Sebagai nakhoda yang dikarunia akal dan hati oleh Tuhan, kita tentu mampu menangkap gejala awal kenapa cuaca dan gelombang tersebut bisa terjadi, namun bukan dalam rangka merubah cuaca dan gelombang yang memang merupakan ketetapan Tuhan, karena bagaimanapun hebatnya kita, kita tetaplah manusia yang tidak akan bisa merubah cuaca dan gelombang, yang bisa kita lakukan adalah merubah cara pandang dan cara berpikir kita dalam menanggapi masalah yang hadir. Jika diluar anda dapati cuaca sedang hujan, apakah anda bisa merubah hujan menjadi tidak hujan? Atau apakah anda bisa menggeser hujan itu ke tempat lain?.

Kita takkan mampu menghentikan hujan, yang bisa kita lakukan adalah merespon positif setiap masalah dan ujian lalu merubahnya menjadi anugerah dengan bersyukur, kita merubah sudut pandang kita dalam melihat masalah bukan sebagai masalah, namun sebagai latihan-latihan pendewasaan. Kita melihat ujian bukan sebagai ujian namun bentuk cinta dan kasih sayang Tuhan pada hamba-Nya, bukankah semakin tinggi pohon maka semakin kencang angin yang menerpanya, bukankah juga semakin berlayar jauh ketengah semakin besar kemungkinan gelombang pasang yang akan kita hadapi.

Karena itulah Nuh tetap merdeka sedari hati dan pikiran, tidak sedikitpun terpengaruh oleh orang lain/lingkungan, situasi dan kondisi, ia fokus pada tujuannya yaitu janji Tuhan, ia menyampaikan apa yang seharusnya disampaikan, memberi pemahaman tanpa berharap orang lain mengikutinya apalagi dengan jalan paksa apalagi kekerasan.

Begitulah nakhoda sejati yang mengenal betul siapa dirinya, ia adalah pengendali bagi dirinya sendiri dan menyaadari bahwa ia tidak akan mampu sedikitpun menjadi pengendali bagi jiwa (nakhoda) lain. Karena itulah ia merdeka dan bahagia, ia membebaskan dirinya dari jeruji penjara keinginan berlebih yang membuat derita, hal ini dapat dipahami sebab kesadarannya berangkat dari pemahaman kesyukuran dan keikhlasan untuk memberi dan menyampaikan pesan tanpa sedikitpun berharap balasan atas apa yang telah diberikan atau disampaikan. Inilah sebuah puncak pencapaian kesadaran tertinggi seorang nakhoda, ia tak lagi terjebak pada persoalan-persoalan timbal balik, untung rugi dan sebagainya yang bersifat materi.

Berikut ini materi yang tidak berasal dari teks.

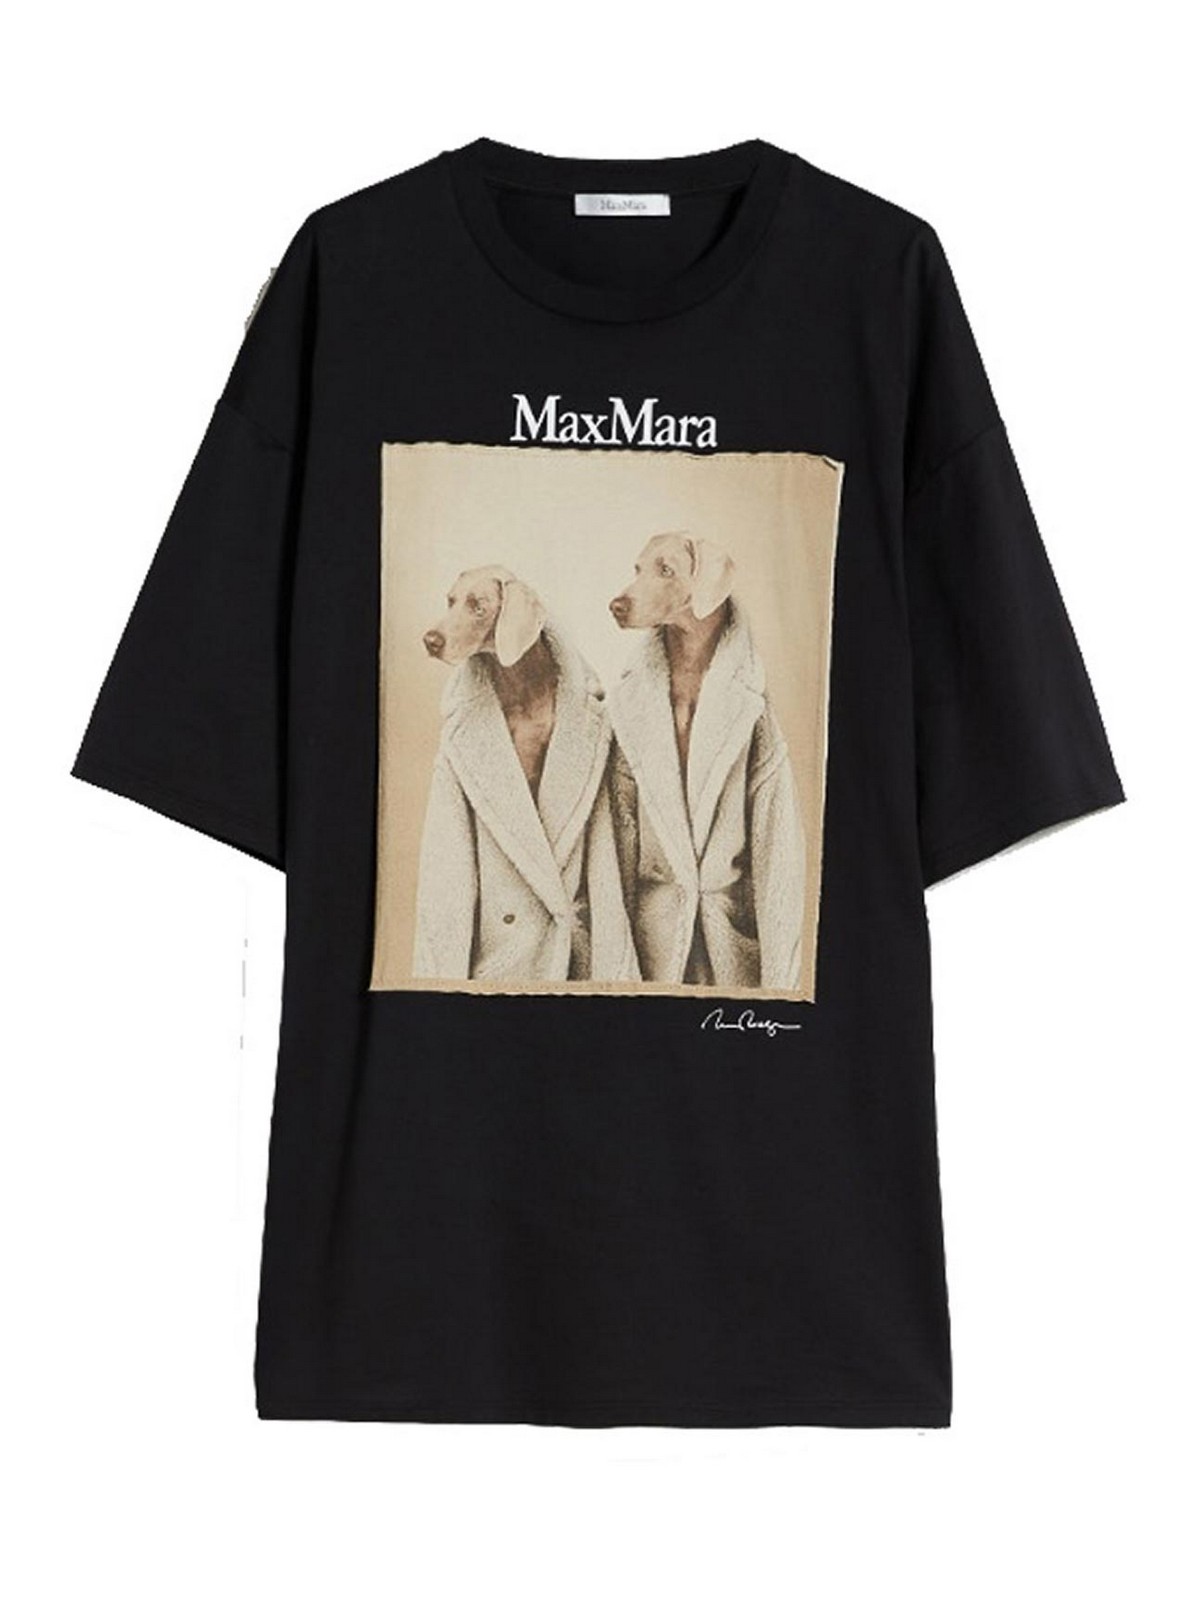 Tシャツ Max Mara - Tシャツ - 黒 - 2319460139600TACCO011 | THEBS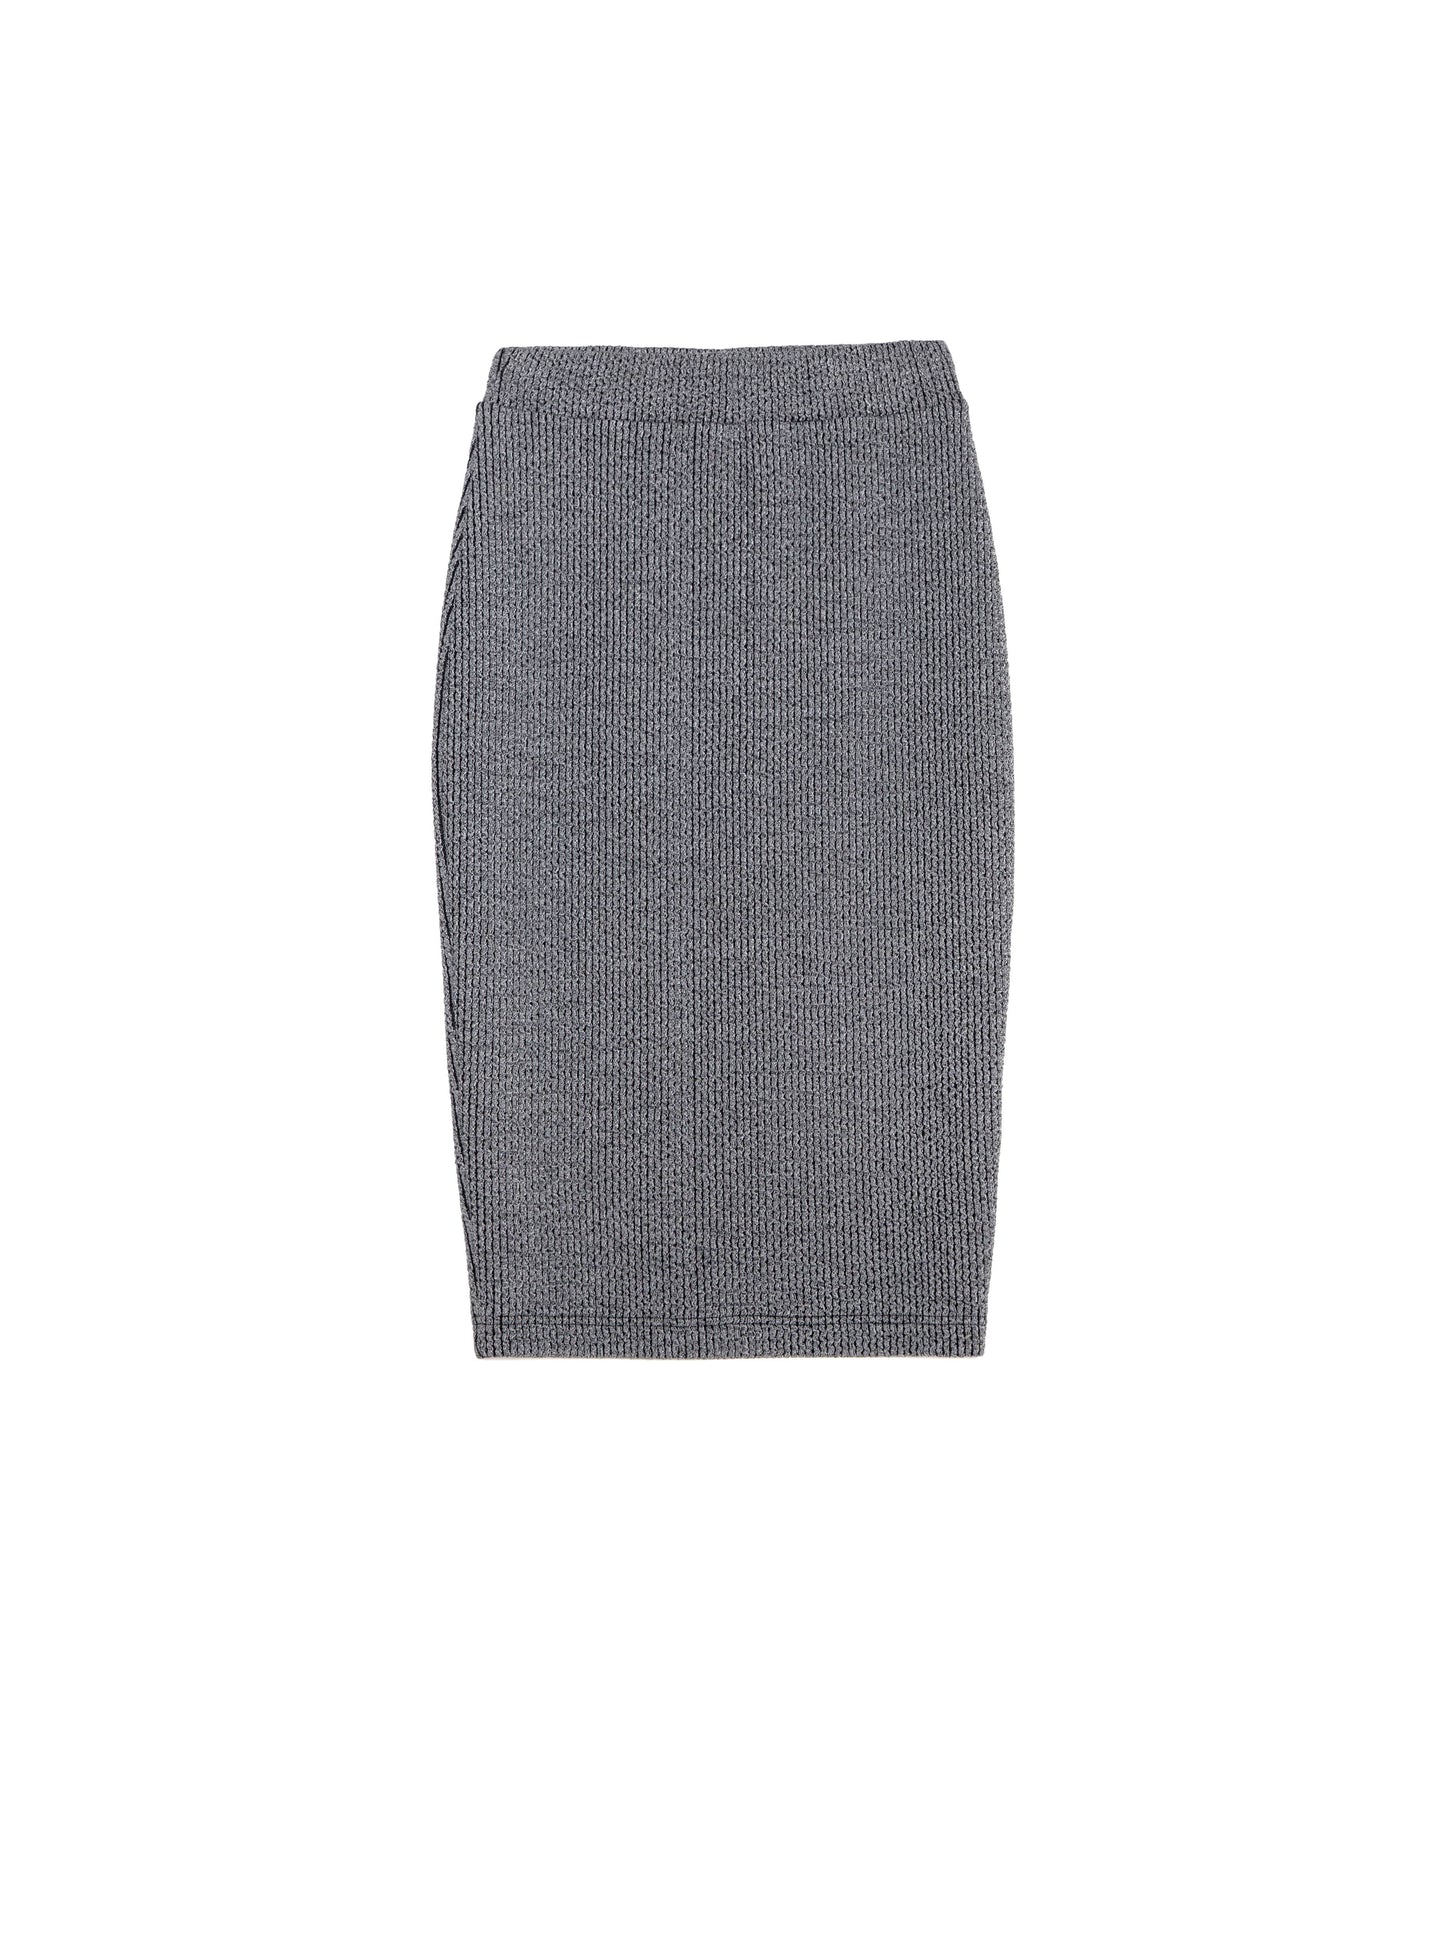 Conte Women's/Girls Shaping Pencil Skirt - MAX SLIM #19С-874ТСП

Jika cuaca (orang-orang/lingkungan) mempengaruhimood kita, mencuri senyum dan canda tawa kita, kitalah yang akhirnya dikendalikan oleh cuaca. Kita seakan bergantung pada orang lain/lingkungan akhiryna, kemerdekaan dan kebahagiaan kita disetir atau dikendalikan oleh orang lain/lingkungan. Atau jika gelombang (masalah, ujian, rintangan, tantangan, musibah, bencana) membuat kita menjadi pribadi lusuh, kehilangan harapan dan keyakinan pada apapun dan siapapun, maka kitalah yang dikendalilan oleh gelombang, kita menjadi terombang ambing, mudah goyah, hilang kendali, hilang arah bahkan kehilangan tujuan.

Bukankah setiap nakhoda memiliki tujuan?, tujuan yang akan terus menjaga dan mengingatkan ia untuk apa dan untuk siapa ia berlayar. Tujuan yang menjadi harapan bahwa diujung sana ada Pulau Yang Dijanjikan Tuhan. Pulau yang penuh dengan kebahagiaan, kedamaian, keselamatan dan kemenangan.

Pulau itu adalah “The Dream Island”,dan setiap kita (nakhoda) memiliki harapan dan impianyang membuat kita tetap tegak lurus memandang samudera hidup dan kehidupan dengan segala terpaan cuaca dan gelombang yang menghampiri.

Maka saat cuaca dan gelombang datang menerpa bahtera, menggoyahkan dan membuatnya oleng. Turunkanlah jangkar, menepilah sejenak, namun bukan untuk berhenti. Tenangkan nakhoda (hati dan pikiran) baikmu, berdialoglah dengannya, urai setiap gejala yang membuat bahtera menjadi oleng, fokuslah pada solusi, bukan pada masalah. Ingatkan ia untuk bersabar, bersyukur dan ikhlas, setelah itu angkat kepalamu dan tersenyumlah positif, kemudian tarik jangkar dan naikan layar dengan penuh semangat dan keyakinan untuk kembali mengarungi samudera kehidupan menuju Pulau Yang Dijanjikan.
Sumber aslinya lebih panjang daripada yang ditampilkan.